I still have a full set of Windows 3.11 on 3.5’ floppies. It was a wonderful time. With a bit of 10 BASE2 coax cable, BNC T-connectors, network interface cards (NICs), and a couple of 50 ohm terminators we could get computers to talk to one another. How could we forget the fun we had getting the interrupts set properly on the bus cards. And when it was all done, our first foray into network gaming, Duke Nukem, roared to life. Of course I figured out early how to use the mouse instead of the keyboard. The kids never knew what hit ‘em.
Now we struggle with time zones, and customers on the other side of the world. Our ability to respond instantly is unimpeded by the distance. We can change direction on a diode, adjusting, fixing, and enhancing the experience, resulting in instant customer gratification without looking them in the eye. Is this a more wonderful time? Will tomorrow be as wonderful?
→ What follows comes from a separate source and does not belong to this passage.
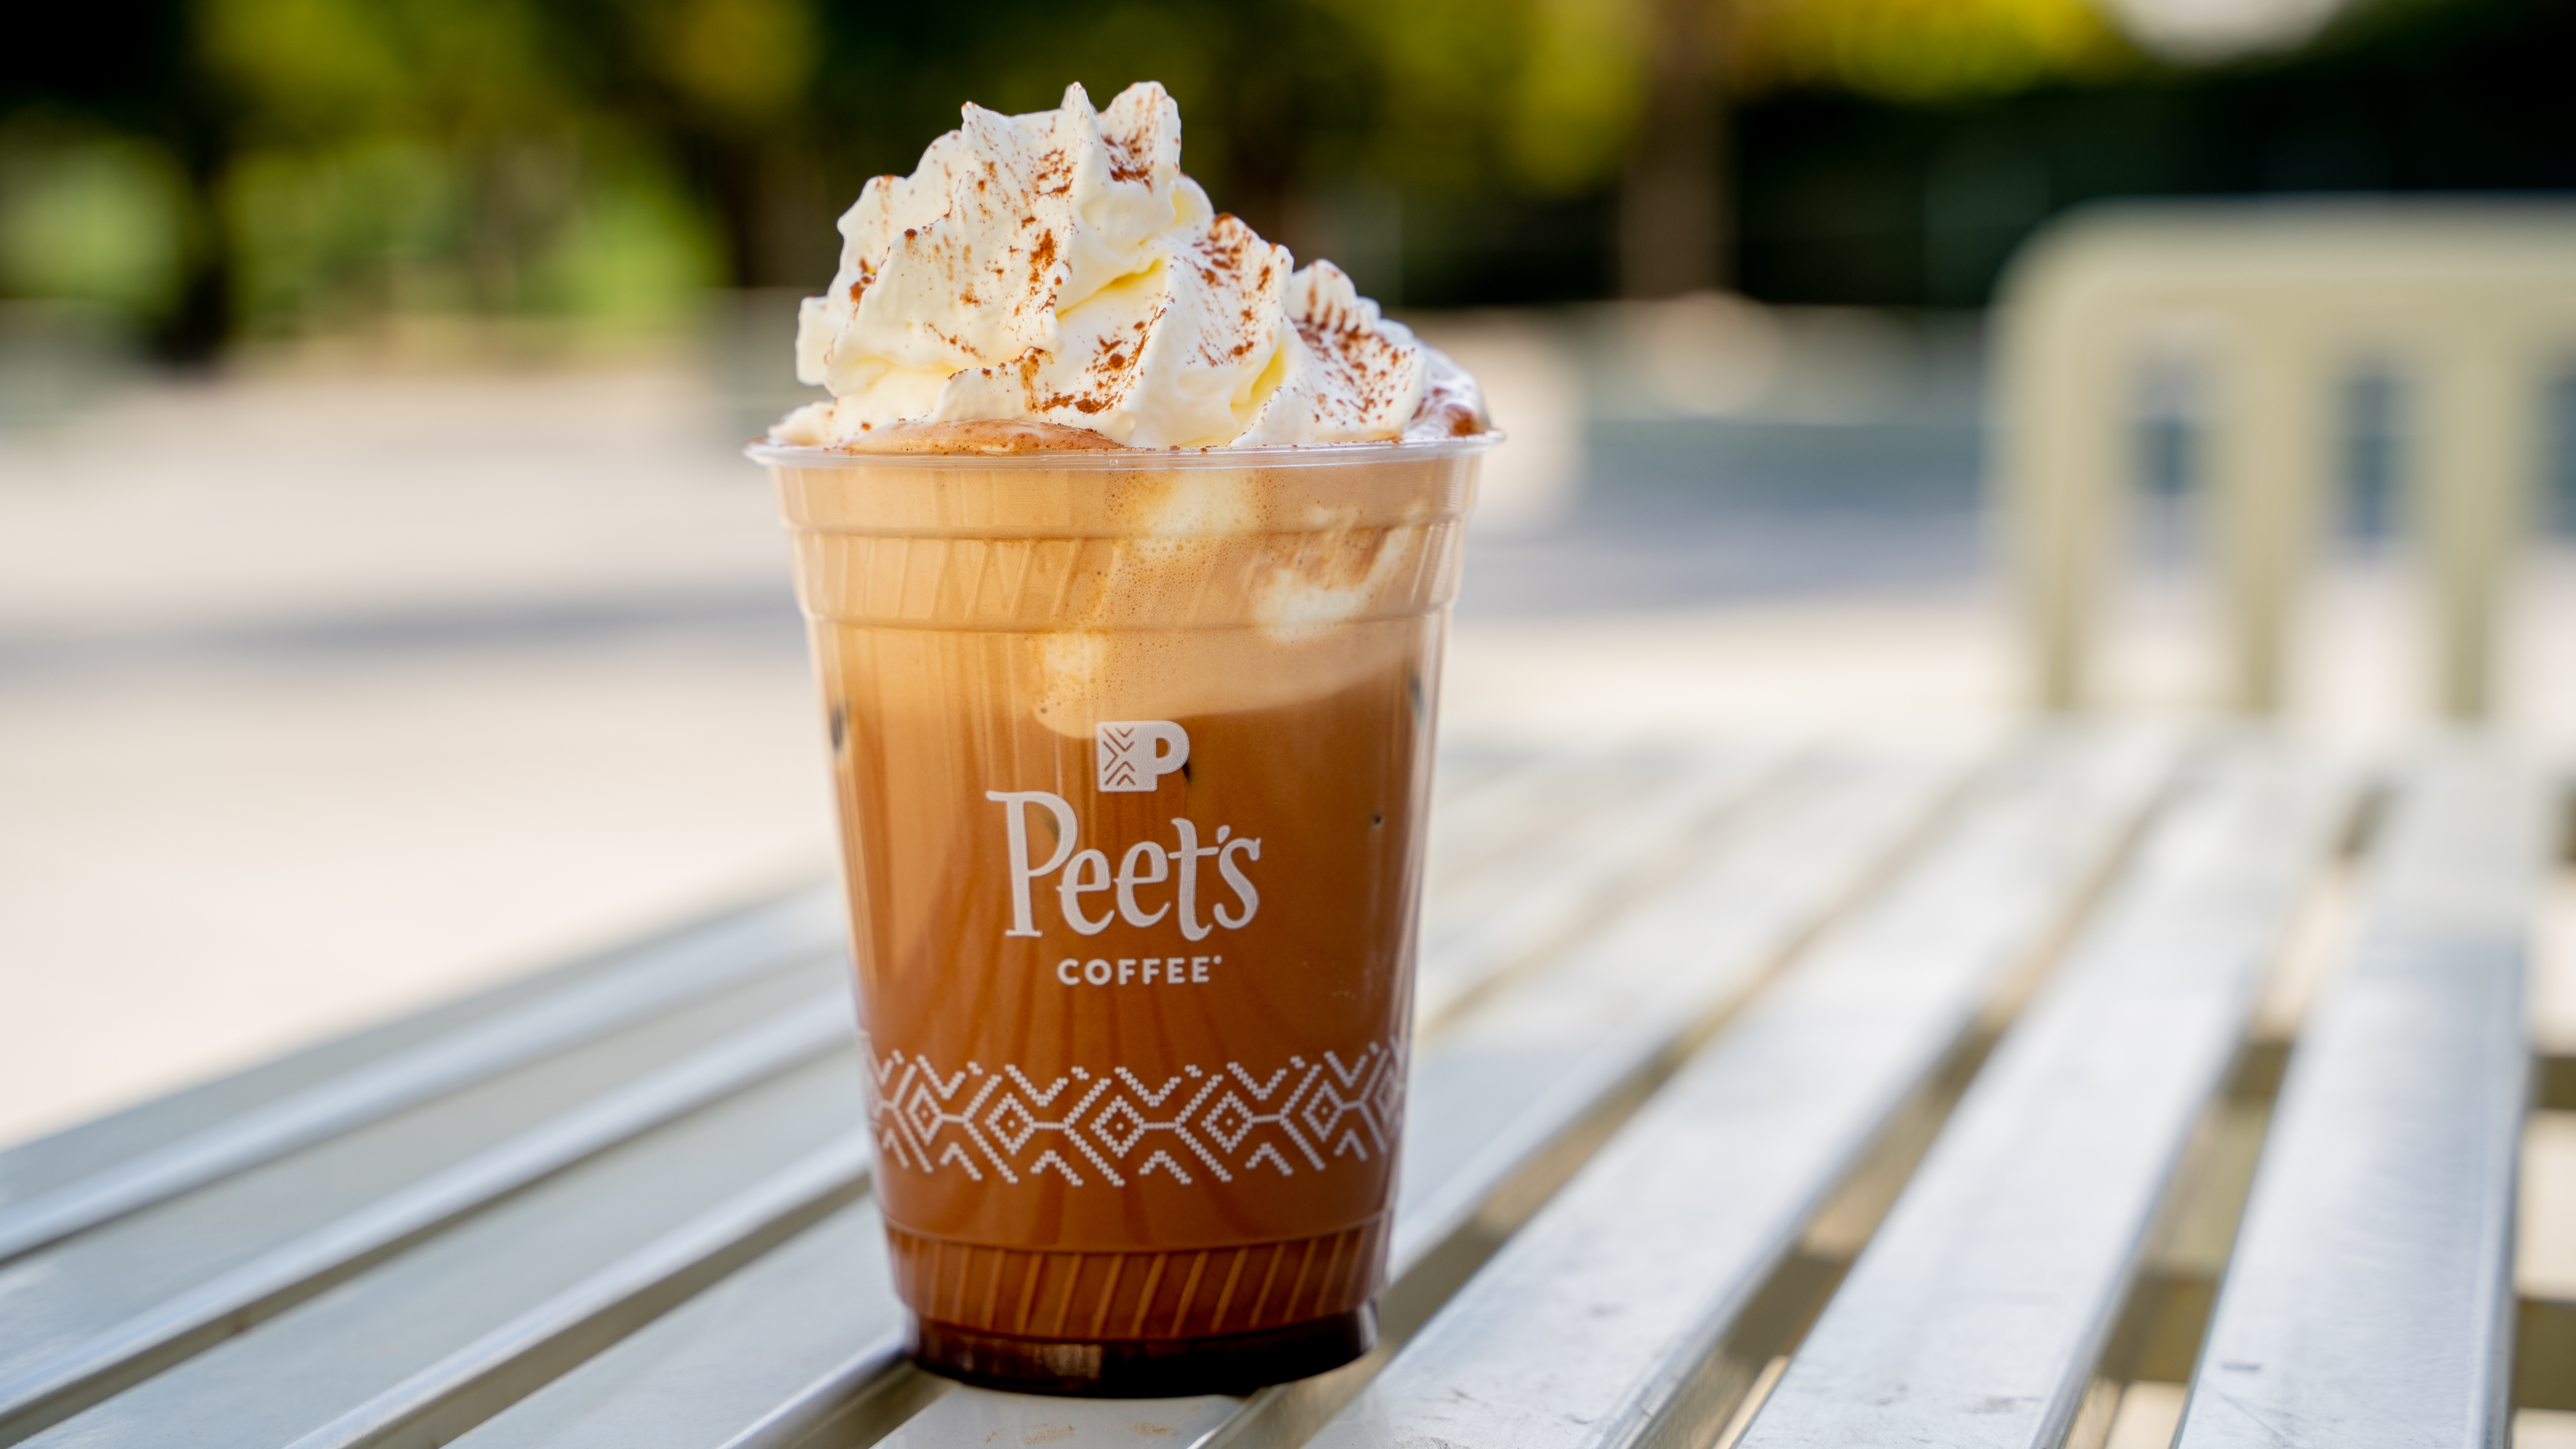 Peet's Coffee iced coffee with whipped cream

We expose our souls to the world. Nothing is official until it’s FB official. As the next generation comes of age, they have at their fingertips no limit to the information and history that has been laid before them. We watch in curiosity as they grasp it. Coaxing them along the way as they reject, same as we did, their parent’s accomplishments in search of their own. They can do it better, and will. Someday they will find their original NES, and remember a more wonderful time.
My hope is to experience it all first as the participant, and now as the spectator. Recently, another generation has made the scene. Ah, the mistakes of the parents, repeated by the children. Soaking it all in, hesitant to step in to prevent mistakes. The learning process resurrects itself, never changing as new students learn the secrets of life. It IS a wonderful time.